Molecular characterization of a 40‐kDa outer membrane protein, FomA, of Fusobacterium periodonticum and comparison with Fusobacterium nucleatum

Abstract

The 40 kDa-outer membrane protein FomA of Fusobacterium periodonticum ATCC 33693 was found to exhibit heat modifiable properties, typical for a porin, and N-terminal sequencing indicated a close relationship to the porin FomA of Fusobacterium nucleatum. A polymerase chain reaction approach was therefore applied for sequencing the fomA gene of F. periodonticum, and nucleotide and deduced amino acid sequences were aligned and compared with the corresponding sequences of different strains of F. nucleatum.
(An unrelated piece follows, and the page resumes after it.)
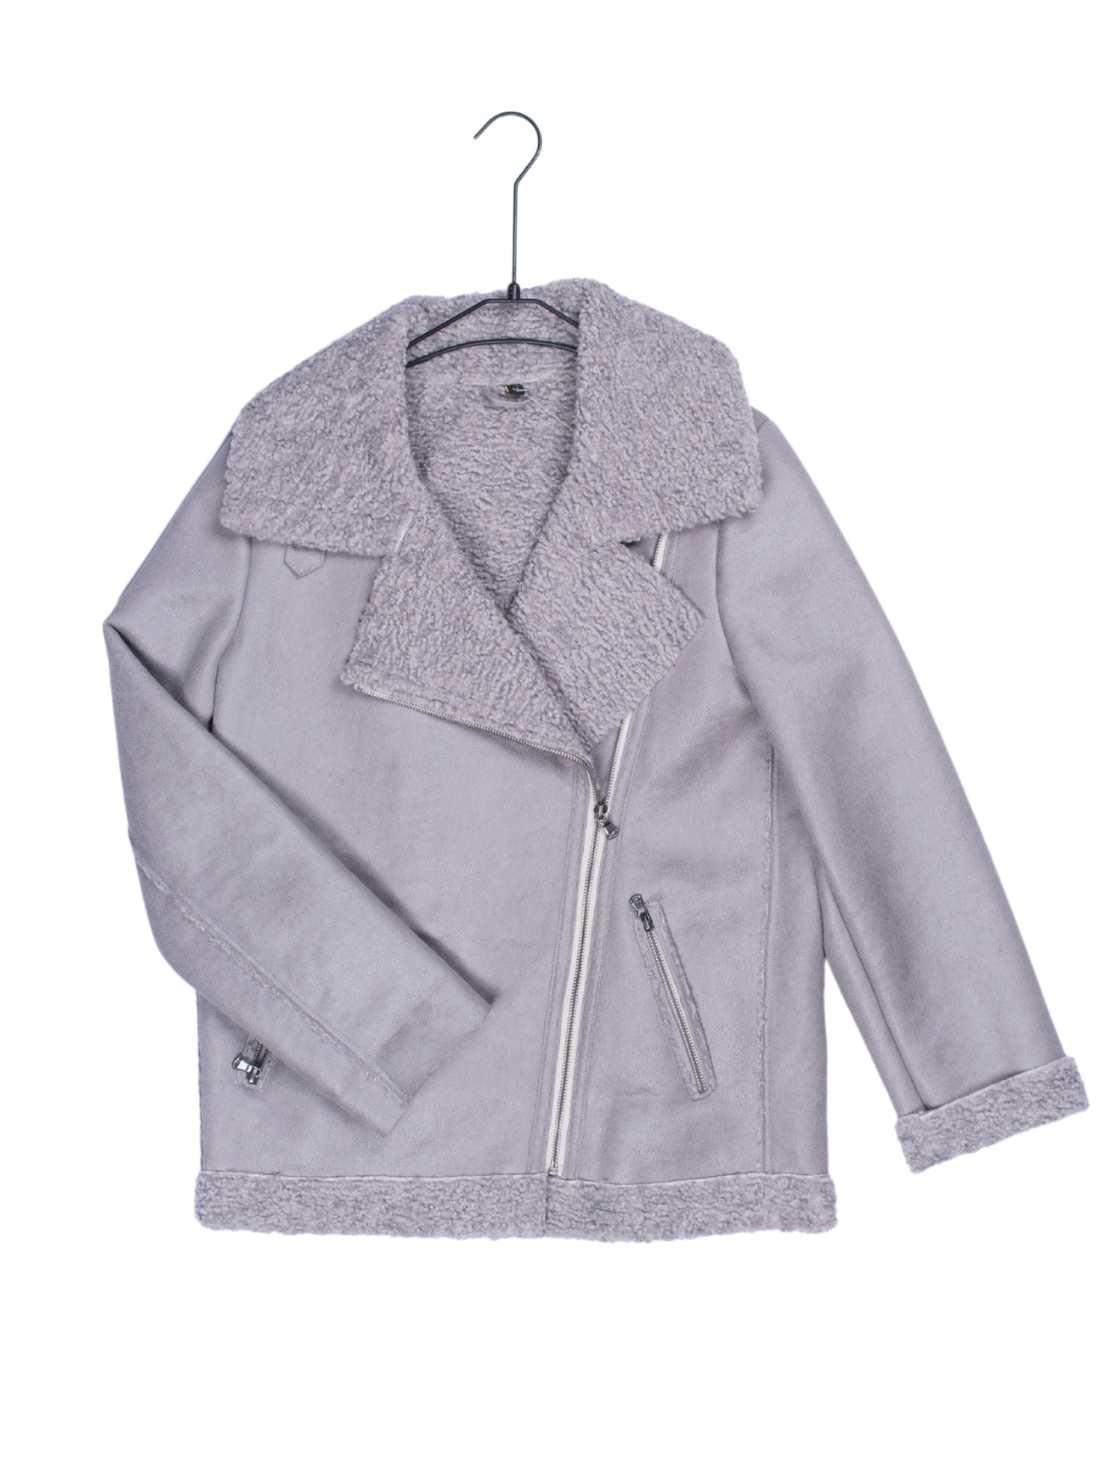 Ladies Heavy Suede Fabric Jacket

In all strains we found a common protein upstream of the fomA gene. The noncoding area upstream of the putative -35 region of the F. periodonticum fomA gene exhibited little sequence similarity with the F. nucleatum gene. The transcriptional unit of FomA, on the other hand, was very similar, with the similarities concentrated in domains that were interspersed with hypervariable regions. A topology model was made and compared with those made for F. nucleatum. This indicated that the great similarities reside in the membrane-spanning segments of the protein, while most cell surface exposed loops were hypervariable. The results strongly support the proposed model for FomA and also indicate that these taxa are related but on a lower level than the subspecies level. The codon usage of F. periodonticum is comparable to that of F. nucleatum, and the triplet AGA is the only codon used for arginine.